> _PROBLEM DETAILS_
Give again, word for word, each line below starting at the one that contains "Lisa Marie Presley" and ending at the one that contains "FULL DAY PACKAGE #5".

(DATA SUPPLIED begins)

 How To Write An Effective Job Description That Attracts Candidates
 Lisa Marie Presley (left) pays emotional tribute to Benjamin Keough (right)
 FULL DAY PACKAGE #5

(DATA SUPPLIED ends)
(DATA SUPPLIED begins)

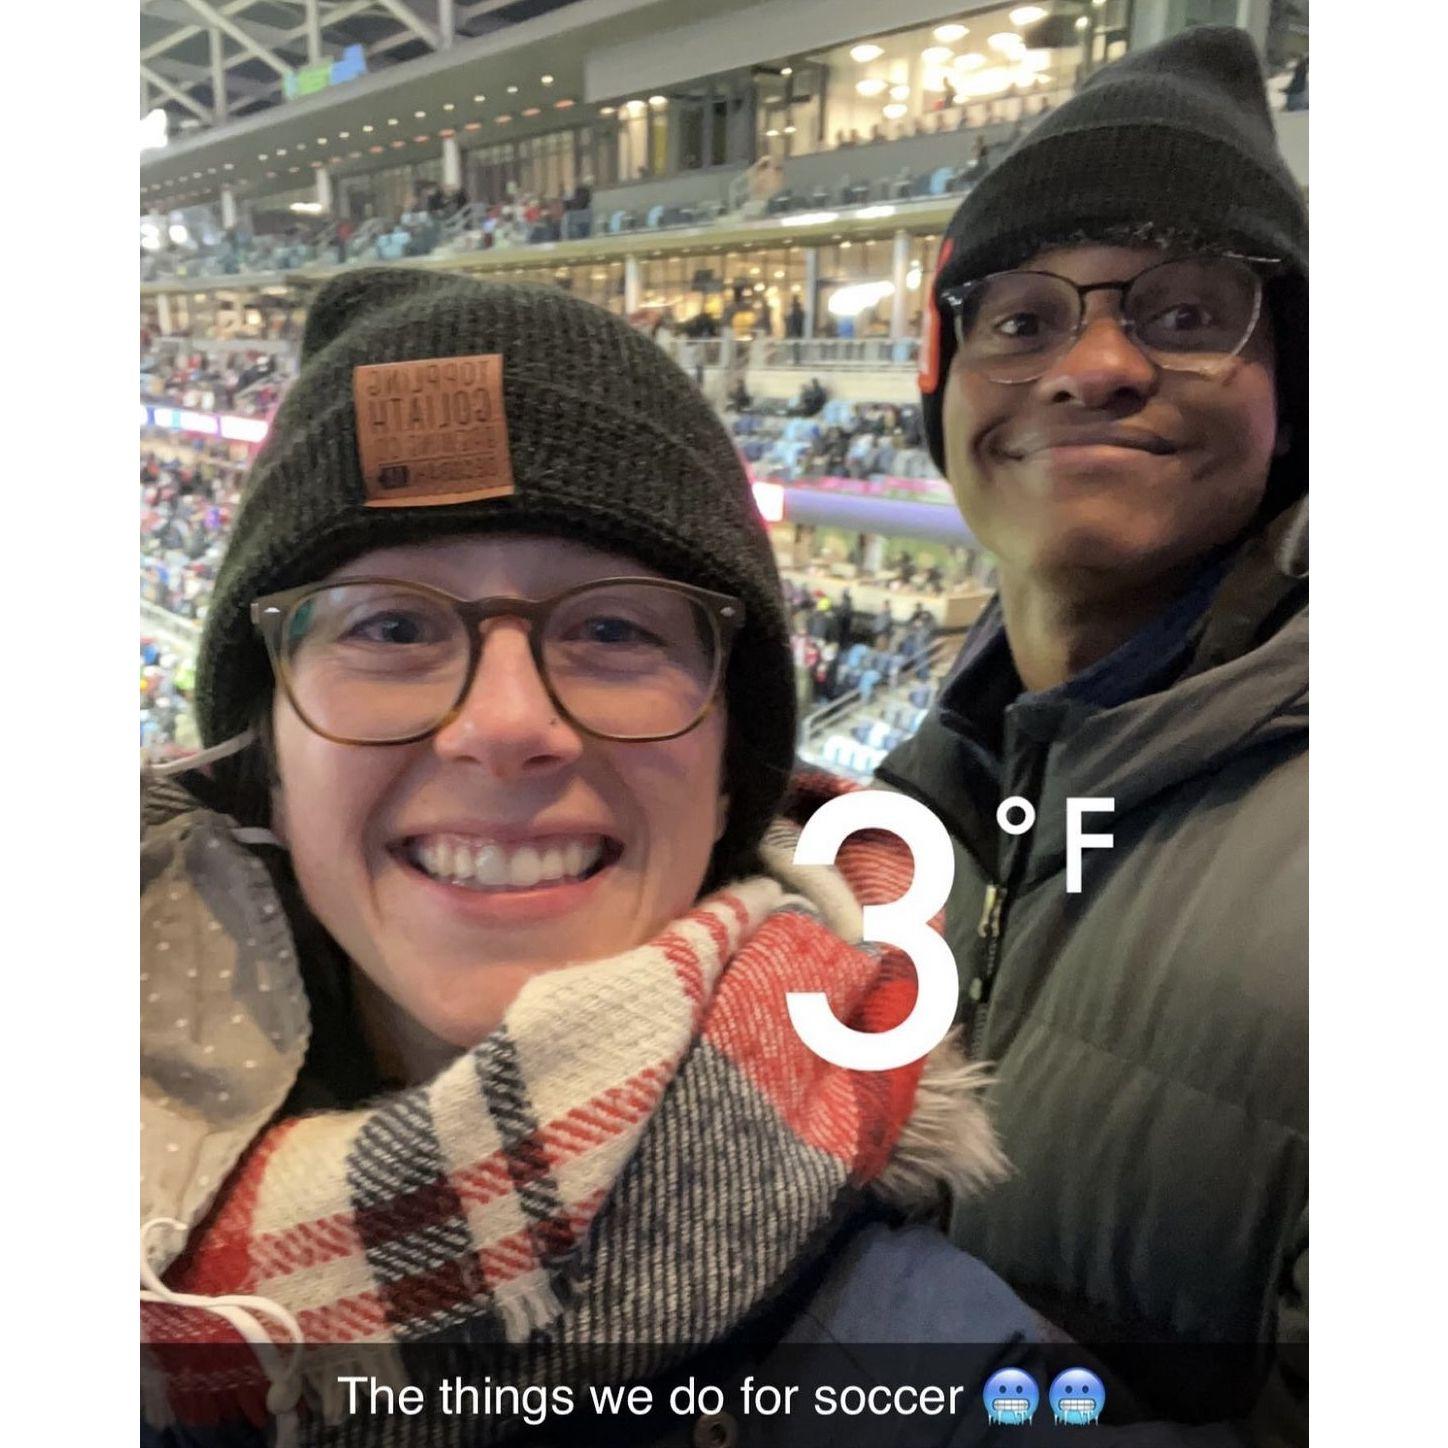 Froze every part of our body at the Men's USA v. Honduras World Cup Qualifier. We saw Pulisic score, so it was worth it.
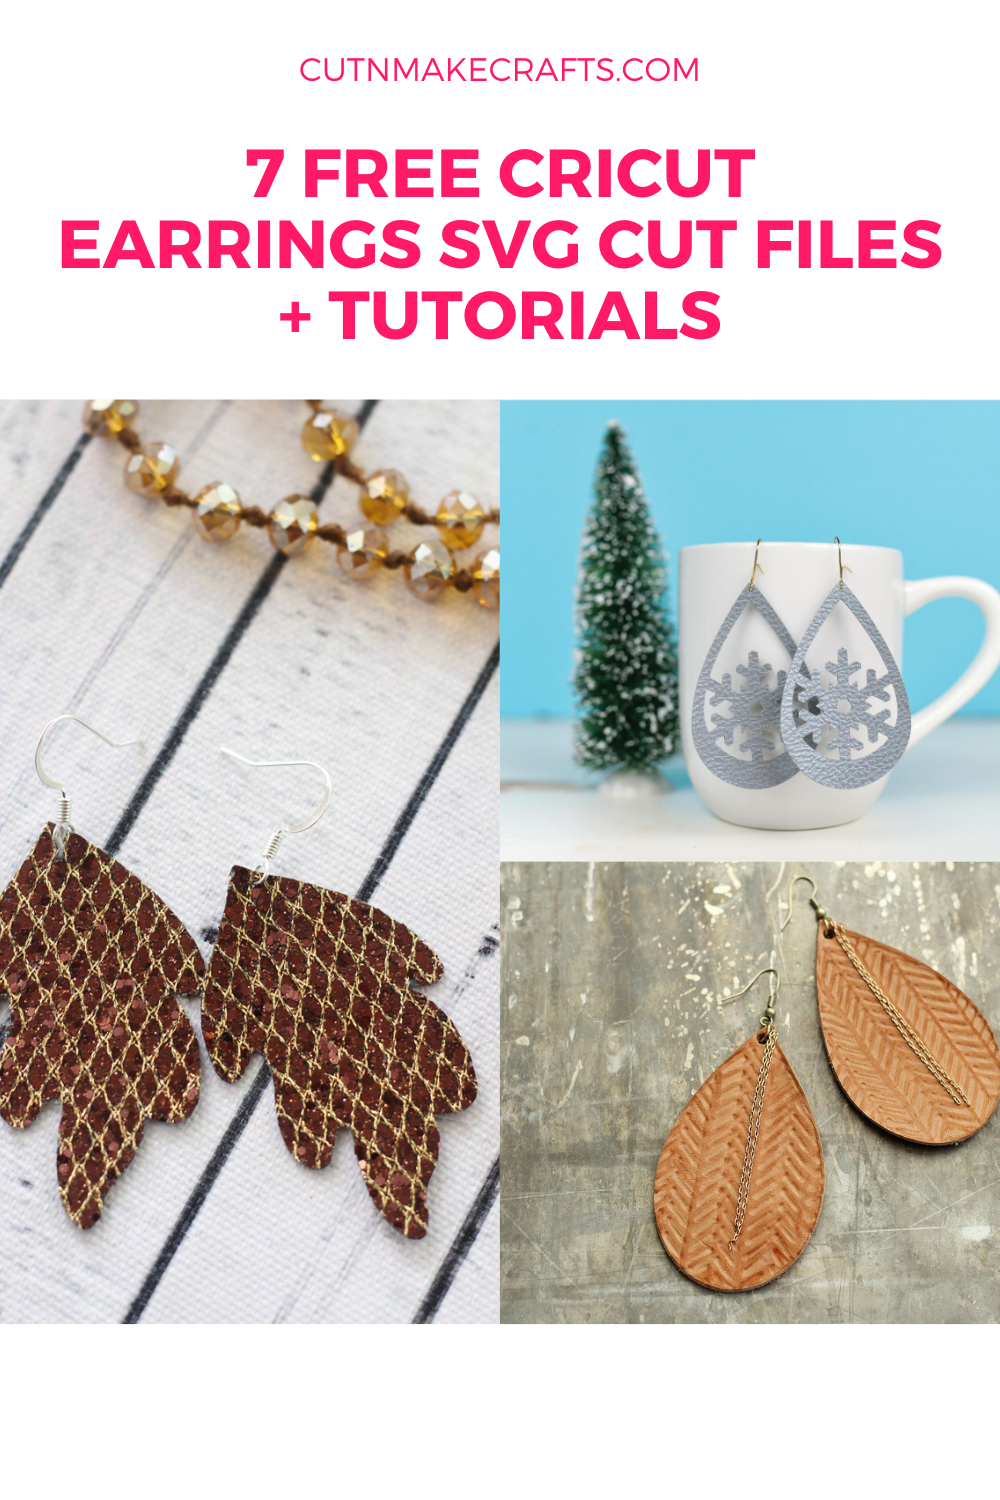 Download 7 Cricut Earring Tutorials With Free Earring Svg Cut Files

(DATA SUPPLIED ends)

> _SOLUTION FOR THIS TASK_
 Lisa Marie Presley (left) pays emotional tribute to Benjamin Keough (right)
 FULL DAY PACKAGE #5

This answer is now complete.